Lionfish Invade Our Waters

Scientists are worried about how quickly the lionfish have colonized and spread over such a large area.

Invasive species like the lionfish cost the U.S. billions of dollars per year in damages, losses and measures to control them. Their native range is the South Pacific and the Indian Oceans.  The first lionfish was reported in South Florida waters in 1985.  They were documented as established in the early 2000’s.  They have been reported along the southeastern U.S. coast from Florida to North Carolina.  Juvenile lionfish have also been collected off Long Island in New York.  They are known to live from Rhode Island to Belize.  What is troubling to scientists is how quickly they have colonized and spread over such a large area.

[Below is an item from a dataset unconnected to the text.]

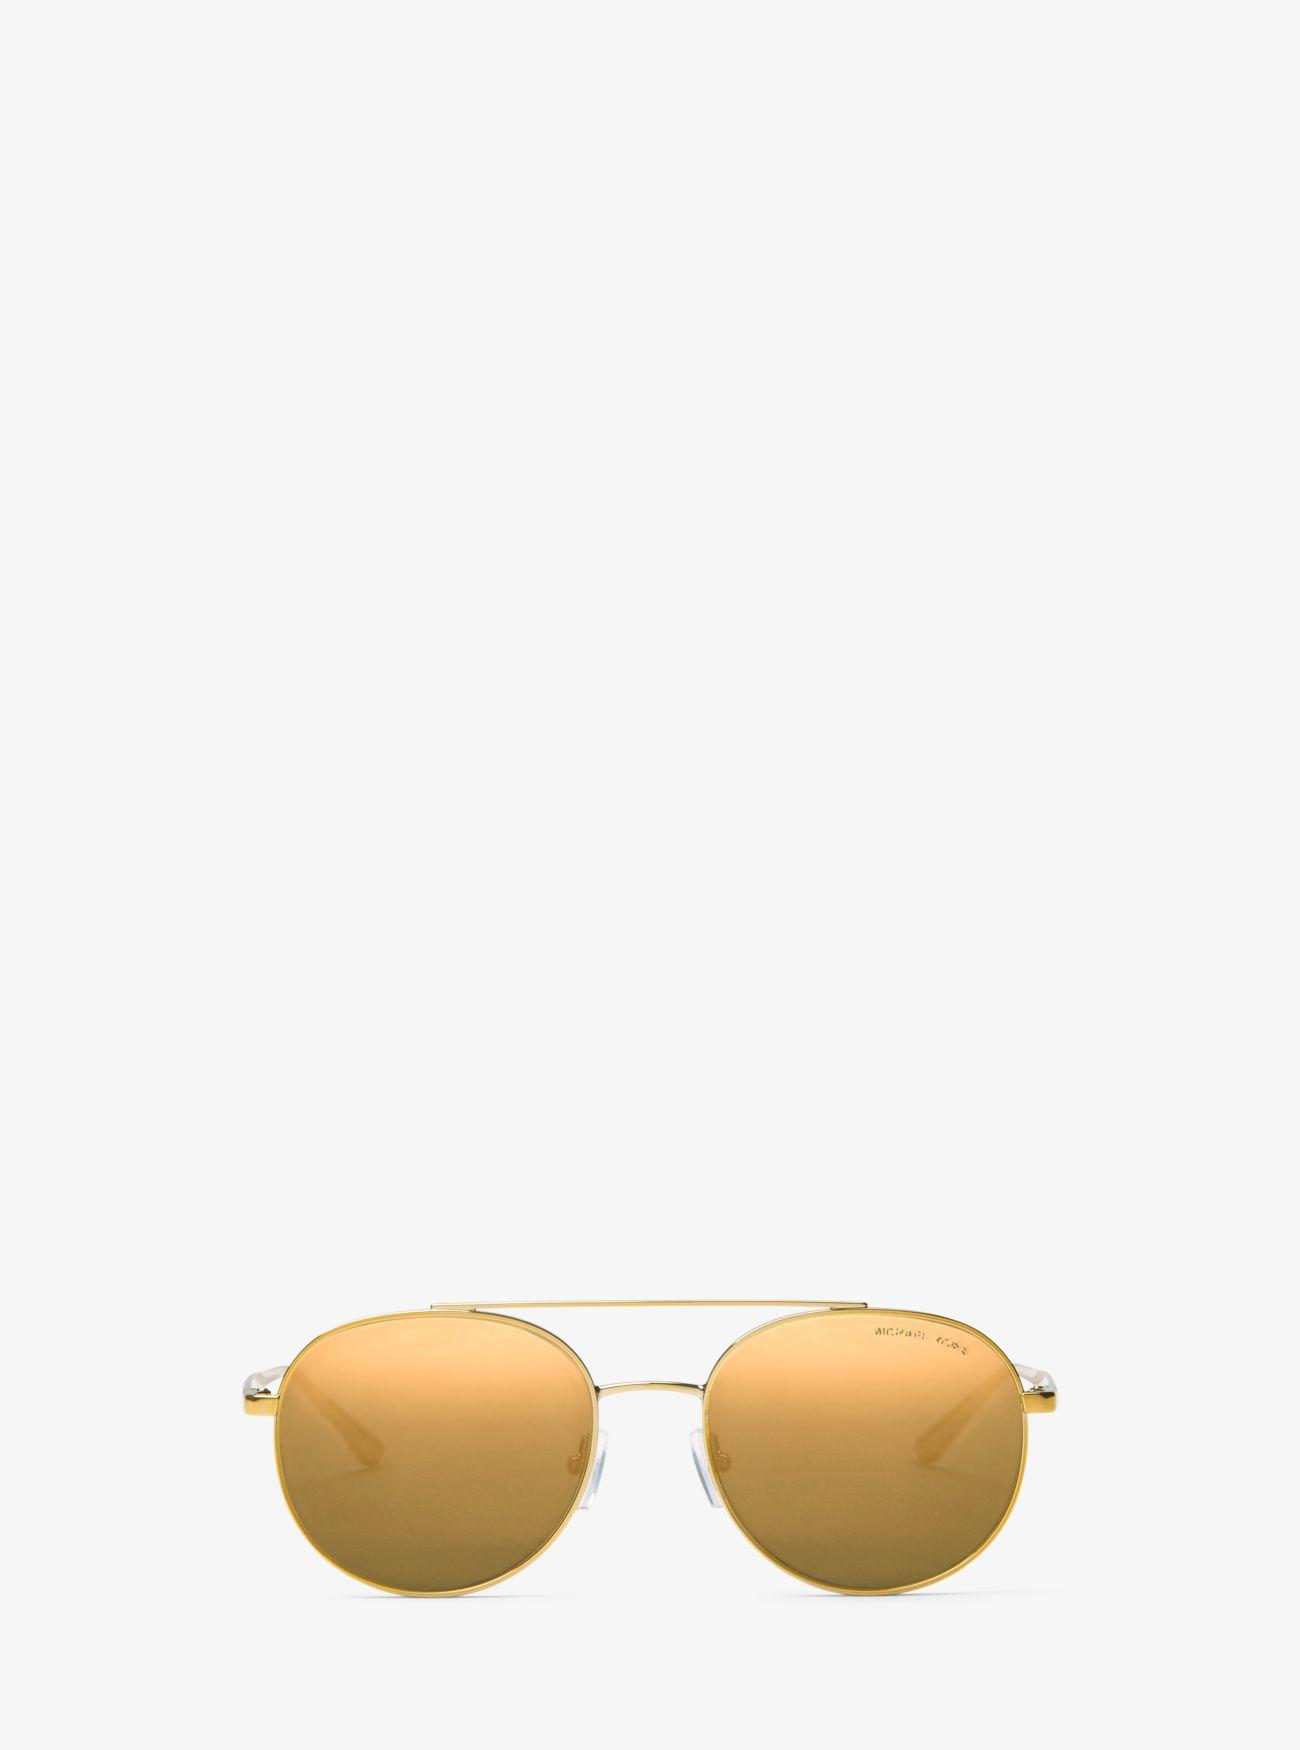 73eb67d93009 Michael Kors Lon Rounded Aviator Sunglasses in Metallic - Lyst

Lionfish have brown or maroon and white stripes.  They have sharp spines that can deliver a venomous sting that can cause pain, sweating and respiratory distress.  Adults grow up to a foot long and juveniles may be as small as one inch or less.  According to the Florida Department of Environmental Protection, the lionfish has no known predators in the Atlantic which has contributed to their numbers as well as their ability to spawn year round and spread.

These invaders can be found in our reefs, mangroves and seagrass meadows.  They are the first exotic species to invade coral reefs. They are voracious eaters who consume more than 50 different species, including shrimp, grouper, and lobster.  Their ravenous appetite has eaten or starved out local fish and disrupted commercial fishing.  Some scientists believe that lionfish are so widespread that we may not be able to reverse their effect on the ecosystems of the Western Atlantic.

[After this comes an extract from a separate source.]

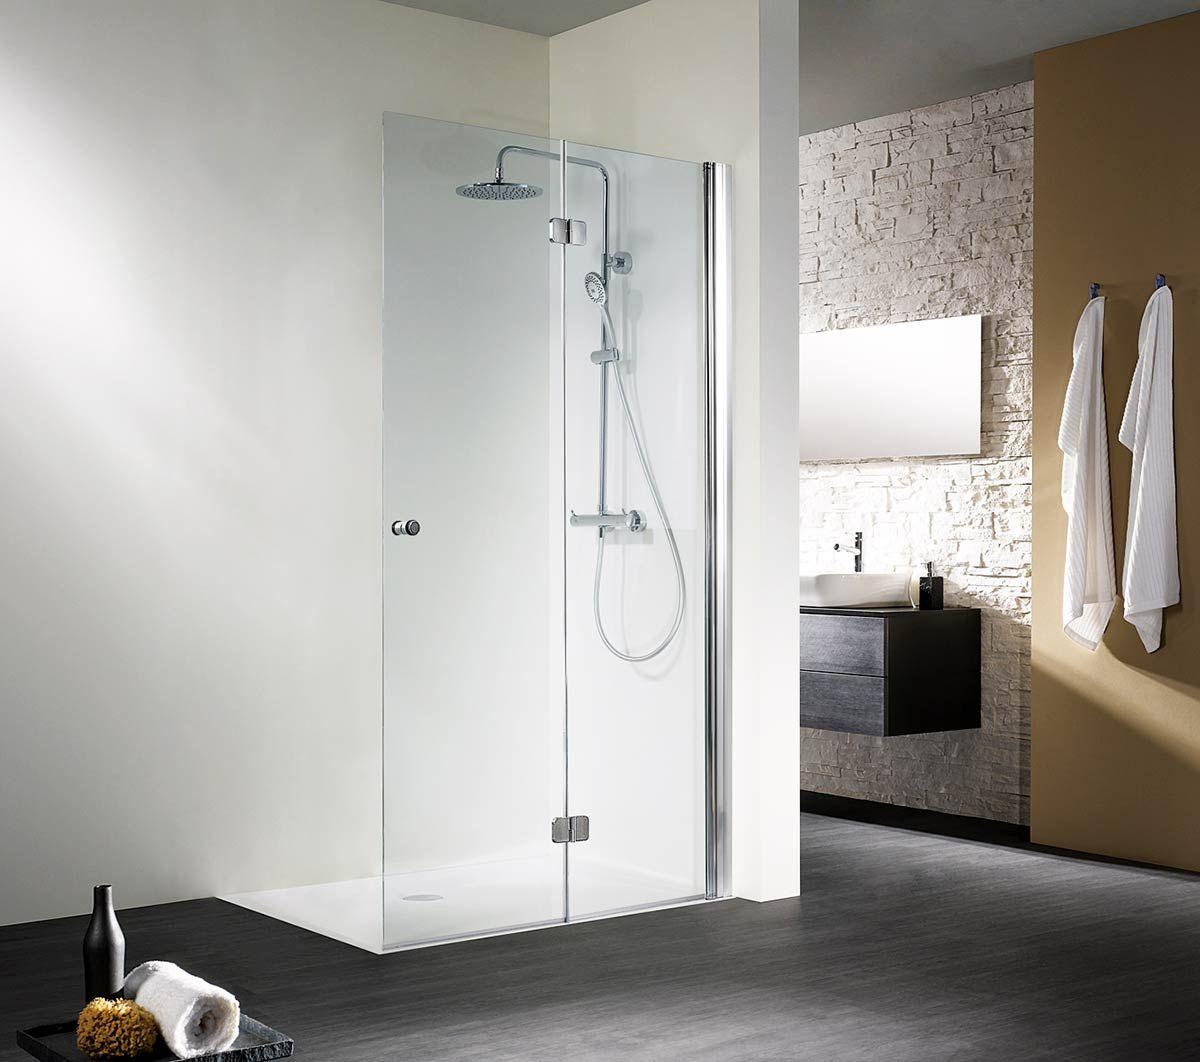 Walk In Duschwand Fur Begehbare Dusche Top Designs Von Hsk Duschwand Dusche Begehbare Dusche

The Florida Fish and Wildlife Commission intend to adopt four measures to address the problem.  They proposed a prohibition on the import of lionfish for the aquarium trade.  A ban on lionfish in aquaculture.  The introduction of lionfish fishing derbies in protected areas previously off limits to spearfishing.  Lastly, letting divers in pursuit of lionfish use previously banned equipment that enables them to stay underwater longer.  The Florida legislature has allocated $427,000 to start a bounty program that would be administered by FFWC if the legislation is signed by the Governor.  Additionally, FWCC has a new phone app called the Report Florida Lionfish, designed to help the state collect data and raise awareness of the dangers of this invasive species, by encouraging the public to report sightings so the fish can be removed from waterways.

Lionfish roundups have been happening for several years in the Florida Keys.  They have proven successful in removing these invasive fish from local reefs and holding down populations.  In April, a Southwest Florida Lionfish Derby was held.  The first and second place winners killed 100 of the fish on a wreck found 25 miles off Anna Maria.

In addition to these actions many people are trying to get a market going for the tasty meat found beneath the fish’s spine.  At a lionfish summit last fall a recommendation was made to include the lionfish in the state’s “Fresh from Florida” promotion.